## DATA SECTION
*** Block opens ***

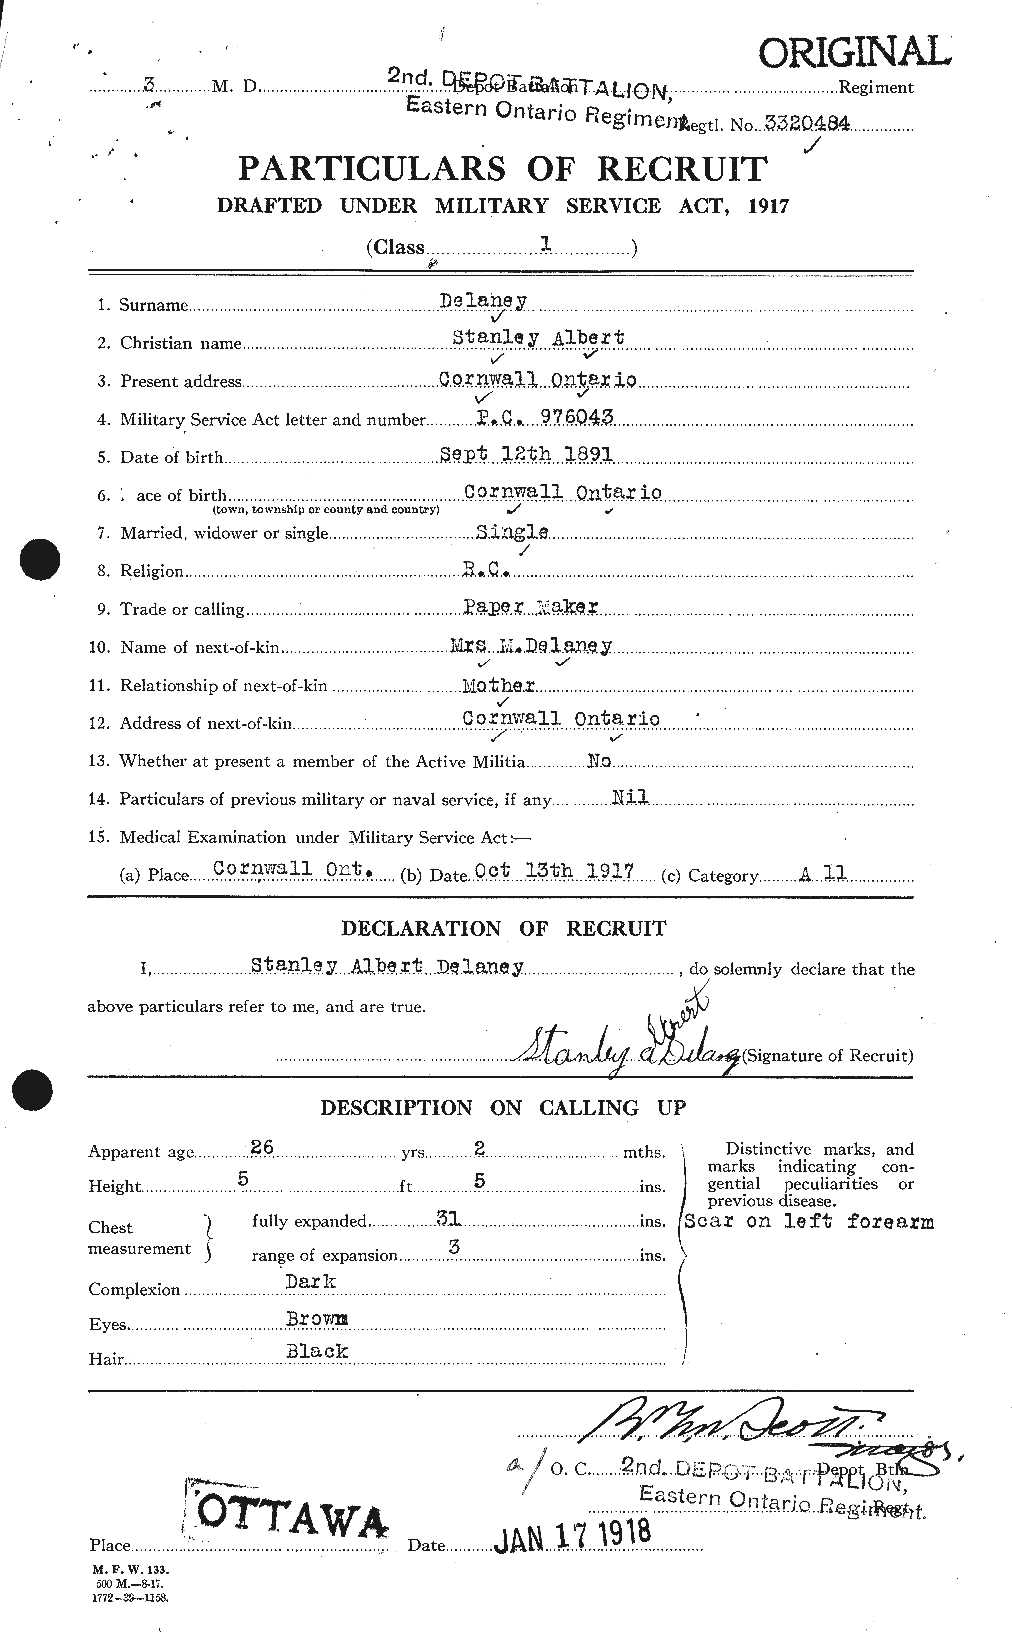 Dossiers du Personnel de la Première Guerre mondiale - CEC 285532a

*** Block closes ***
*** Block opens ***

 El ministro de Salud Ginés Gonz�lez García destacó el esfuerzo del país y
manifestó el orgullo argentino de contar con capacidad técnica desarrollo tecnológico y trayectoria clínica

*** Block closes ***

## WHAT THE TASK ASKS
Look above for the line holding "El ministro de" and the line holding "manifestó el orgullo", then output exactly those two lines and every line between them, nothing more.

## EXERCISE SOLUTION
 El ministro de Salud Ginés Gonz�lez García destacó el esfuerzo del país y
manifestó el orgullo argentino de contar con capacidad técnica desarrollo tecnológico y trayectoria clínica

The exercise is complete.